Radiolabeled Monoclonal Antibody in Treating Patients With Relapsed or Refractory Non-Hodgkin's Lymphoma

Lymphoma Clinical Trial

Official title:

Phase I, Multicenter, Open Label, Dose Escalation Of 90Y-Zevalin Radioimmunotherapy Using A Modified Treatment Regimen For Relapsed Or Refractory CD20+ B-Cell (Follicular/Transformed) Non-Hodgkin's Lymphoma

Clinical Trial Details — Status: Terminated

Administrative data

• NCT number: NCT00033423
• Other study ID #: CDR0000069282
• Secondary ID: UAB-0127UAB-F010
• Status: Terminated
• Phase: Phase 1
• First received: April 9, 2002
• Last updated: December 12, 2013
• Start date: August 2001
• Est. completion date: May 2009

Study information

• Verified date: December 2013
• Source: University of Alabama at Birmingham
• Contact: n/a
• Is FDA regulated: No
• Health authority: United States: Federal Government
• Study type: Interventional

Clinical Trial Summary

RATIONALE: Monoclonal antibodies can locate tumor cells and either kill them or deliver tumor-killing substances to them without harming normal cells.

PURPOSE: Phase I trial to study the effectiveness of radiolabeled monoclonal antibody in treating patients who have relapsed or refractory non-Hodgkin's lymphoma.

Description:

OBJECTIVES:

• Determine the maximum tolerated dose of yttrium Y 90 ibritumomab tiuxetan when administered in combination with rituximab in patients with relapsed or refractory low-grade, follicular, or transformed CD20-positive B-cell non-Hodgkin's lymphoma (NHL).
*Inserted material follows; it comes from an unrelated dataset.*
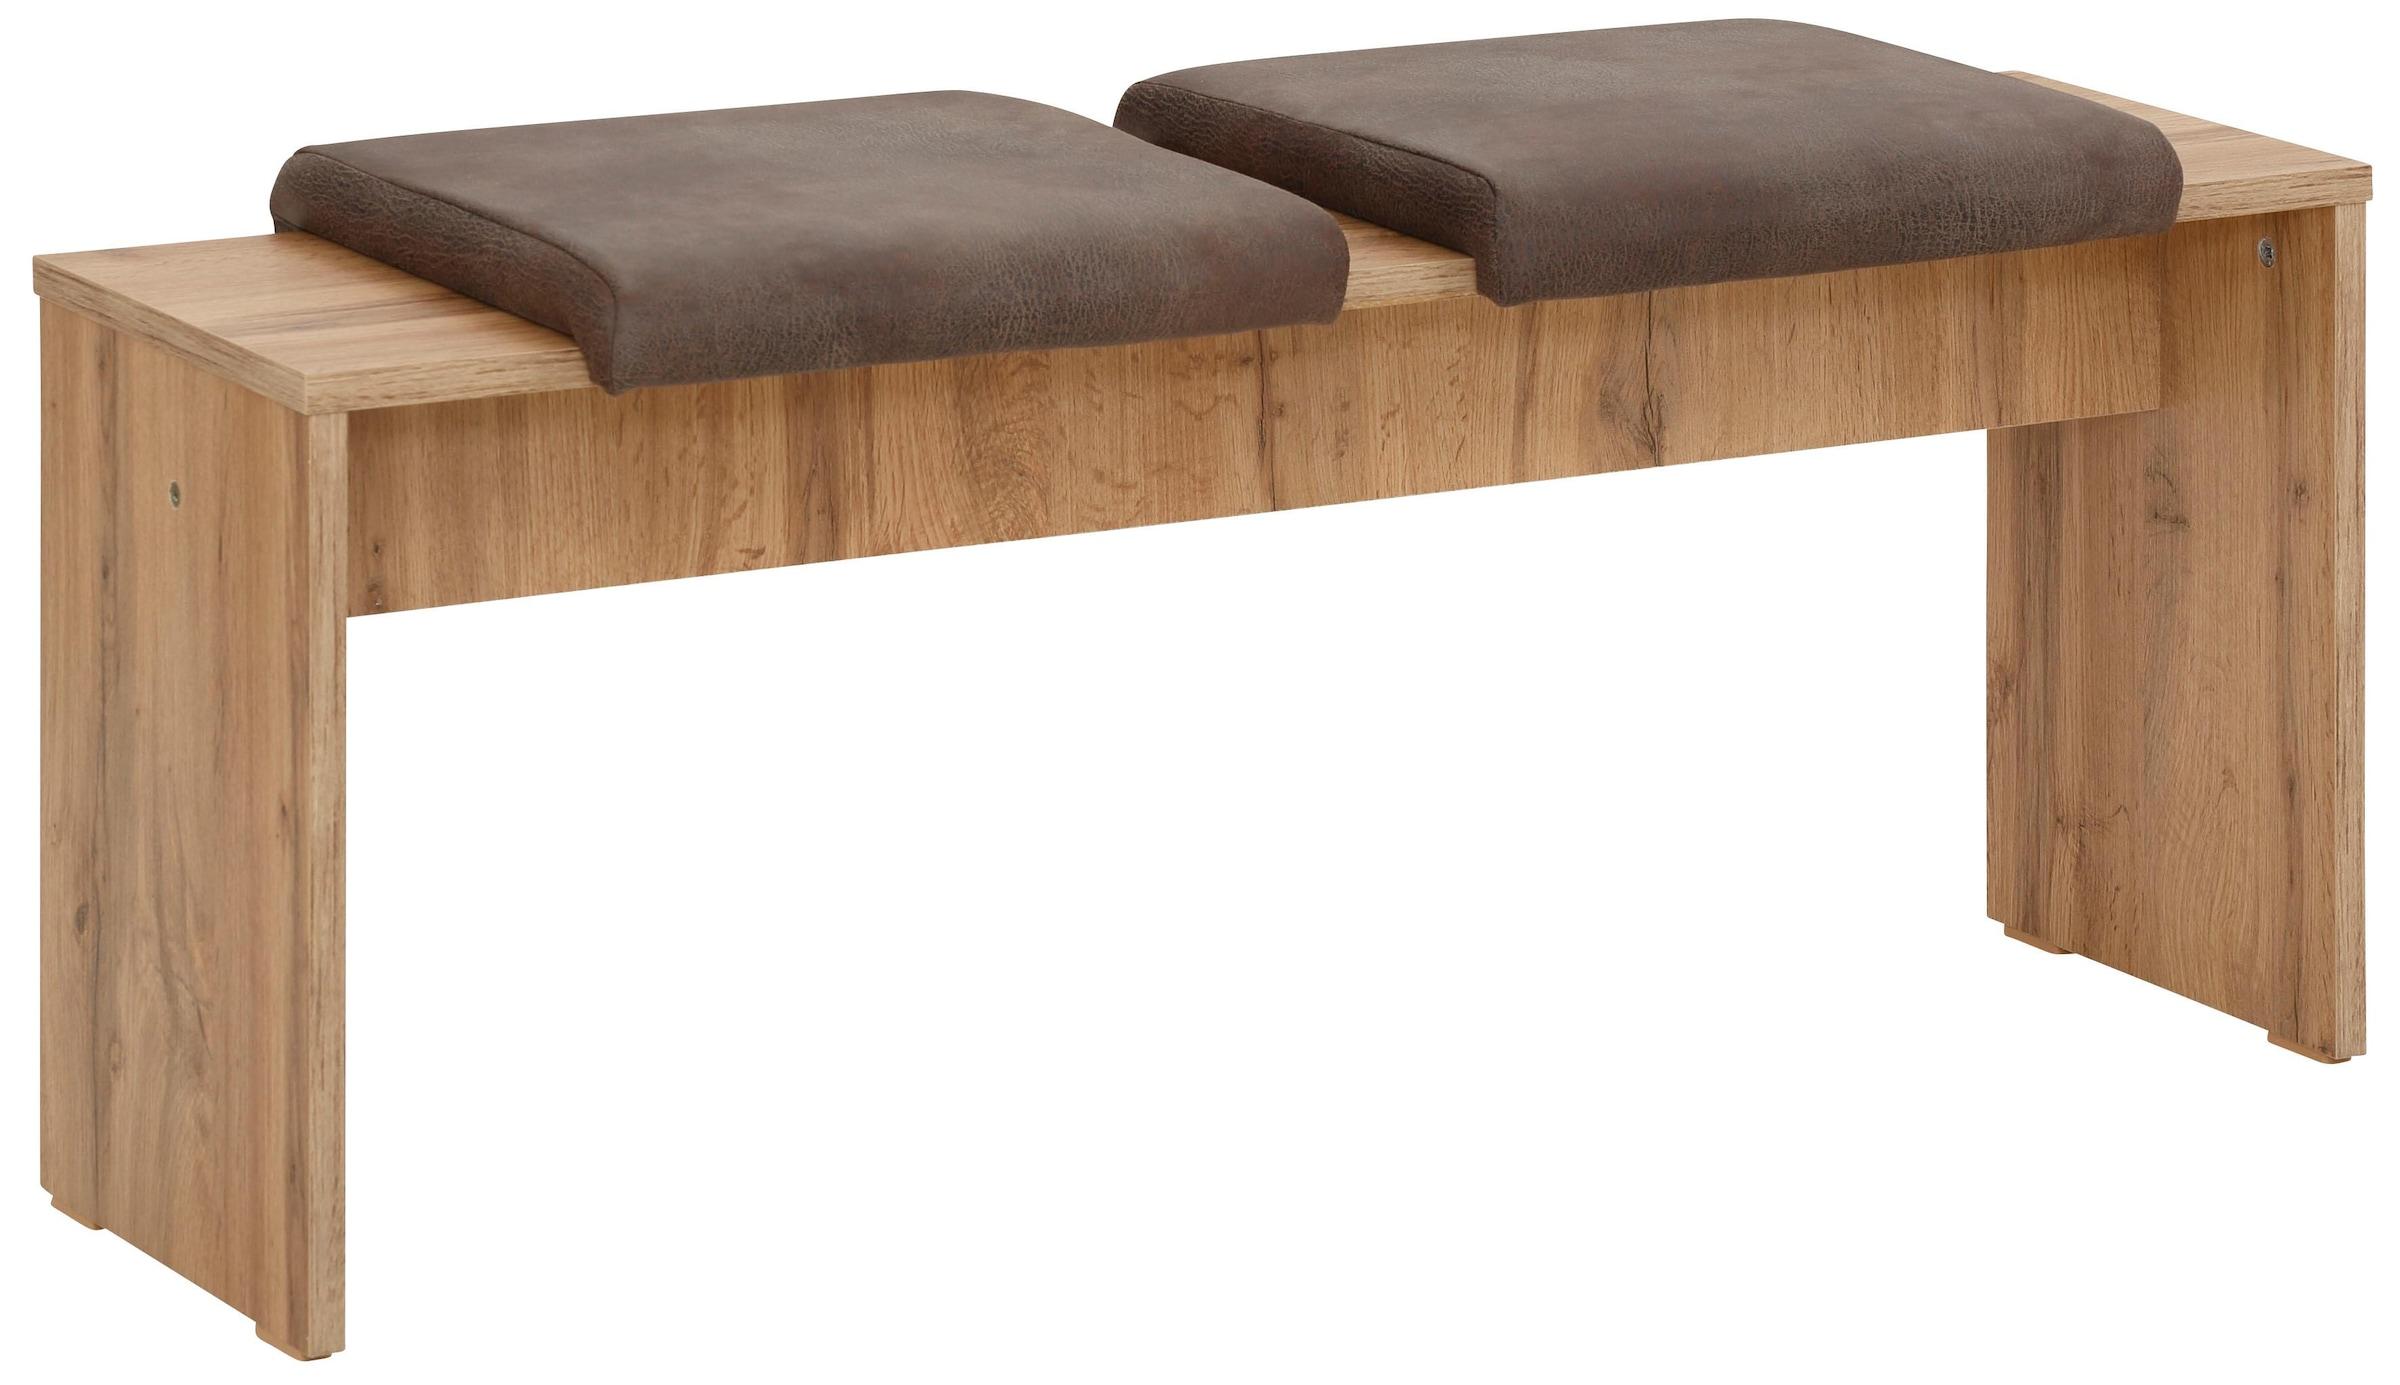 Sitzbank Sitzhocker Tulip Stoff Edelstahl gepolstert Größe /& Farbe wählbar

• Determine the toxicity of different doses of yttrium Y 90 ibritumomab tiuxetan in patients treated with this regimen.

• Determine the frequency of reversal of bone marrow involvement with NHL in patients treated with this regimen.

• Determine the antitumor response in patients treated with this regimen.

OUTLINE: This is a multicenter, dose-escalation study of yttrium Y 90 ibritumomab tiuxetan.

Patients receive rituximab IV once weekly on weeks 1-4. After 4 doses of rituximab, patients without bone marrow involvement and cellularity greater than 50% expected receive rituximab IV once weekly on weeks 6 and 7 and yttrium Y 90 ibritumomab tiuxetan IV over 10 minutes with the final dose of rituximab (day 43).

Cohorts of 5-6 patients receive escalating dose of yttrium Y 90 ibritumomab tiuxetan until the maximum tolerated dose (MTD) is determined. The MTD is defined as the dose preceding that at which 4 of 5 or 3 of 6 patients experience dose-limiting toxicity.

Patients are followed at 6 and 12 weeks, every 2-3 months for 2 years, and then every 6 months for 2 years.

PROJECTED ACCRUAL: Approximately 6-30 patients will be accrued for this study.

Recruitment information / eligibility

• Status: Terminated
• Enrollment: 18
• Est. completion date: May 2009
• Est. primary completion date: May 2009
• Accepts healthy volunteers: No
• Gender: Both
• Age group: 19 Years and older

Eligibility

DISEASE CHARACTERISTICS:

• Histologically confirmed low-grade, follicular, or transformed CD20-positive B-cell non-Hodgkin's lymphoma (NHL)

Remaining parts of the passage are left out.